The presence of a JD sign was documented using the preoperative images. This study defined the JD sign as a visible area of bone abnormality around the cysts on the PD-weighted image, manifesting as ≥1 speckle-like area of elevated signals higher than the surrounding BME (Figures 1 -3). After training, all image cases were evaluated by a board-certified orthopedic surgeon (H.X.) and a musculoskeletal radiologist (Y.Z.) independently, both blinded to the treatment of enrolled patients. Both observers evaluated the OLT twice on every patient, with an interval of 2 weeks between measurements, to evaluate intraobserver reliability.

Figure 1.

The JD sign around the cyst with corresponding schematic diagrams. (A) The JD sign was found around the cyst on the coronal MRI. r1, coronal length of cyst; d, the maximum vertical diameter of the cyst; D, depth of the OLT (cyst +JD sign). (B) Sagittal MRI of a single patient. r2, sagittal length of cyst; d, maximum vertical diameter of the cyst; D, depth of the OLT (cyst +JD sign). (C, D), The schematic diagram of images A and B, respectively. BME, bone marrow edema. JD sign, jumping dot sign; MRI, magnetic resonance imaging; OLT, osteochondral lesion of the talus. R1, coronal length of the OLT (cyst + JD sign); R2, sagittal length of the OLT (cyst + JD sign).

Figure 2.

Osteochondral lesion of the talus with jumping dot sign. Totally, 4 typical cases with JD sign were shown. (A, C, E, G) The most extensive range of lesion of each selected case is represented on the corresponding coronal images. (B, D, F, H) The amplification of JD signs is represented in the corresponding coronal images. BME, bone marrow edema; JD sign, jumping dot sign.

Figure 3.

Osteochondral lesion of the talus without jumping dot sign. Totally, 4 typical cases without a JD sign were shown. (A, C, E, G) The most extensive range of lesion of each selected case is represented on the corresponding coronal images. (B, D, F, H) The amplification of JD signs is represented in the corresponding coronal images. BME, bone marrow edema; JD sign, jumping dot sign.
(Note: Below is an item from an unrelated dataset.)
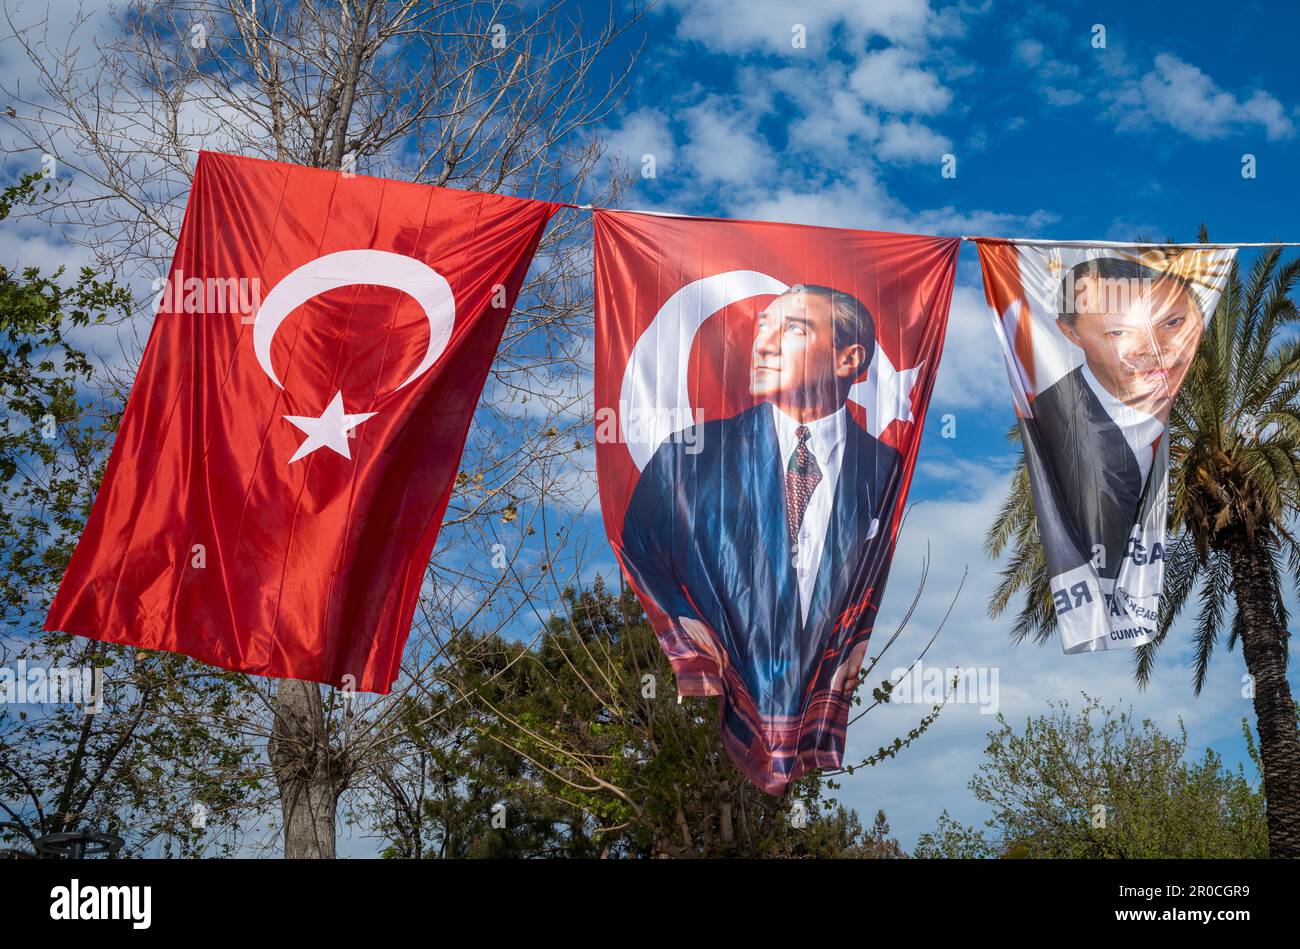 L'esposizione di bandiere e bandiere che volano in alto su una corda contro un cielo blu ad Antalya, Turchia, mostra l'identità politica e nazionale del paese. Foto Stock

Other measurements for cysts were derived from methods of prior studies.^4,5,15 The largest coronal length and depth and the sagittal length of cyst and OLT were measured using preoperative MRI (Figure 1). The maximal vertical diameter of the cyst was defined as the largest distance from the top to the bottom of the cyst in this study. The OLT depth included the cyst and the JD sign. Maximal coronal length and sagittal length were defined as the medial to lateral and anterior to posterior dimensions, respectively.¹⁵ The presence of BME and cysts were evaluated both preoperatively and at final follow-up. Furthermore, MOCART (magnetic resonance observation of cartilage repair tissue) scores were assessed at follow-up.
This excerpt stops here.